FIG. 1 is an external view of a flow control valve used for a slow start valve.

FIG. 2 is an external view of a flow control valve used for a slow start valve.

FIG. 3 is a sectional view of a flow control valve used for a slow start valve.

FIG. 4 is a cross-sectional view of a flow control valve used for a slow start valve.

FIG. 5 is a top view of the adjusting nut.

FIG. 6 is a cross-sectional view of an adjusting nut.

FIG. 7 is a front view of a slide key.

FIG. 8 is a side view of the slide key.

FIG. 9 is a front view of a throttle valve.

FIG. 10 is a bottom view of the throttle valve.

FIG. 11 shows a sectional view of a slow start valve using a flow control valve.

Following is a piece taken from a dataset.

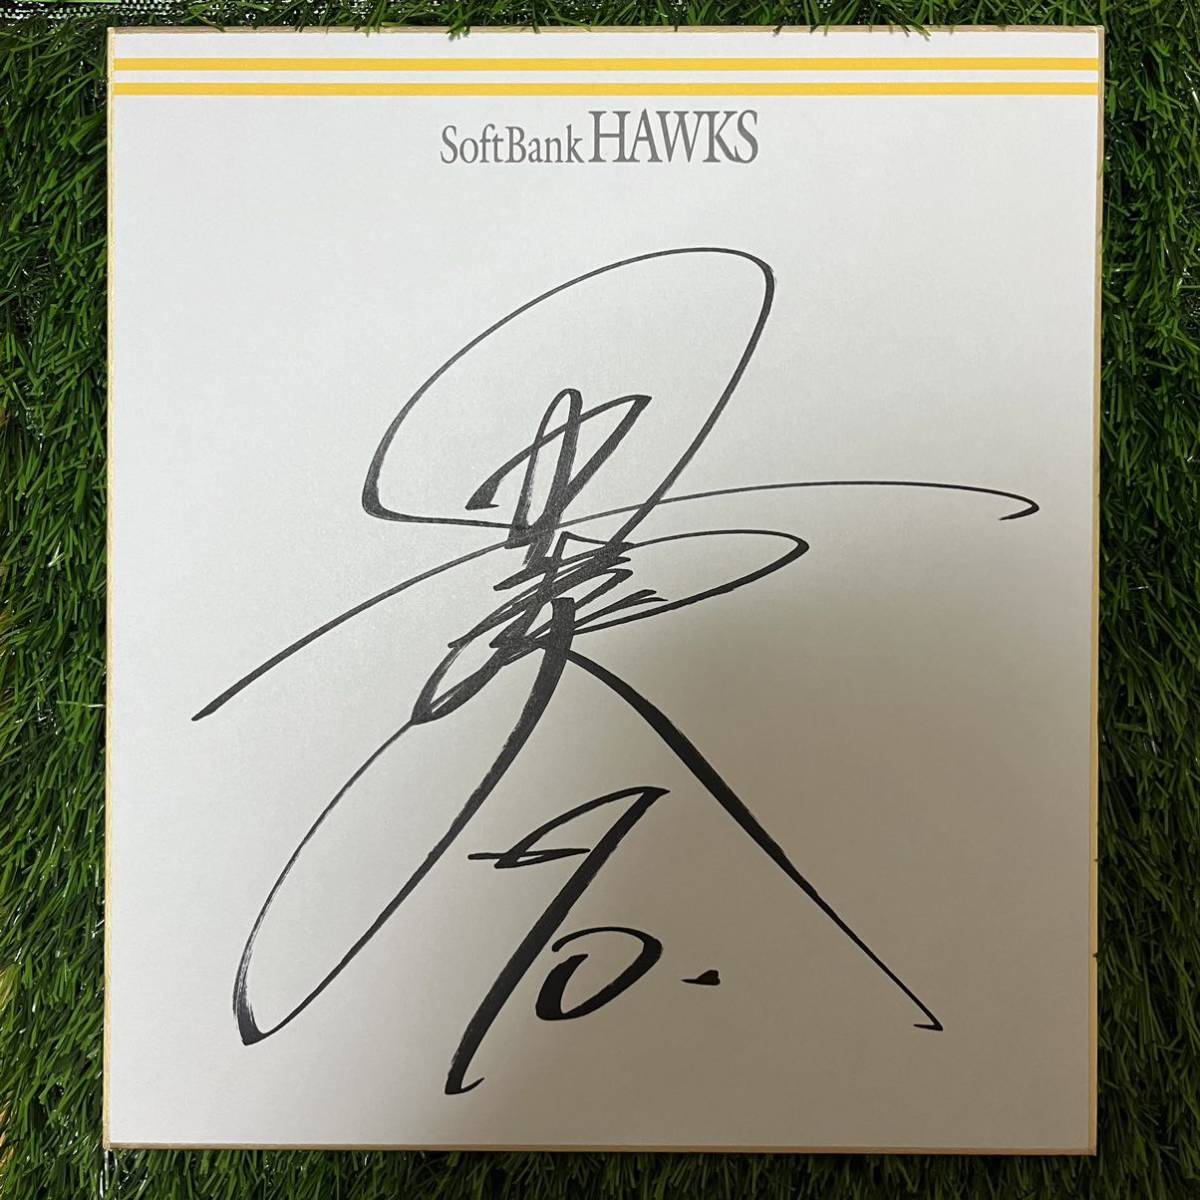 Softbank Hawks Soudai Tagami #70 цветная бумага с автографом, бейсбол, Сувенир, Сопутствующие товары, знак

FIG. 12 is a side view of a conventional speed controller.

[Explanation of symbols]

 DESCRIPTION OF SYMBOLS 10 Guide groove 11 Opening 12 Cylinder 20 Adjusting nut 21 Concave part 30 Slide key 31 Convex part 32 Arm part 33 Claw part 34 Stopper part 40 Flow control valve 43 Throttle valve

Claims (4)

(57) [Claims] 1. Rotation of an adjusting nut,
A flow control valve for adjusting a position of a throttle valve in a cylinder, a slide key provided with a concave portion provided around the adjusting nut, a slide key provided with a convex portion to be fitted into and disengaged from the concave portion; A groove, and sliding the slide key to fit a convex portion of the slide key into a concave portion of the adjusting nut, thereby preventing rotation of the adjusting nut and positioning the throttle valve. A flow control valve characterized by fixing the pressure. 2. An arm provided on both sides of the slide key, and a claw provided on the arm and pressed against the guide groove, wherein the protrusion of the slide key is provided with the adjusting nut. 2. The claw portion of the arm portion is engaged with the opening end of the guide groove when fitted into the concave portion.
Flow control valve described in the above. 3. A stopper portion fixed to the slide key, and an opening formed in the guide groove and communicating the cylinder with the outside on the lot side of the throttle valve, The stopper portion is provided on the lot side of the cylinder of the throttle valve through the opening, so that the slide key can be separated from the guide groove and the throttle valve can be removed from the lot side. The flow control valve according to claim 1, wherein the flow control valve is prevented by: 4. The flow control valve according to claim 1, wherein the throttle valve has a square shape.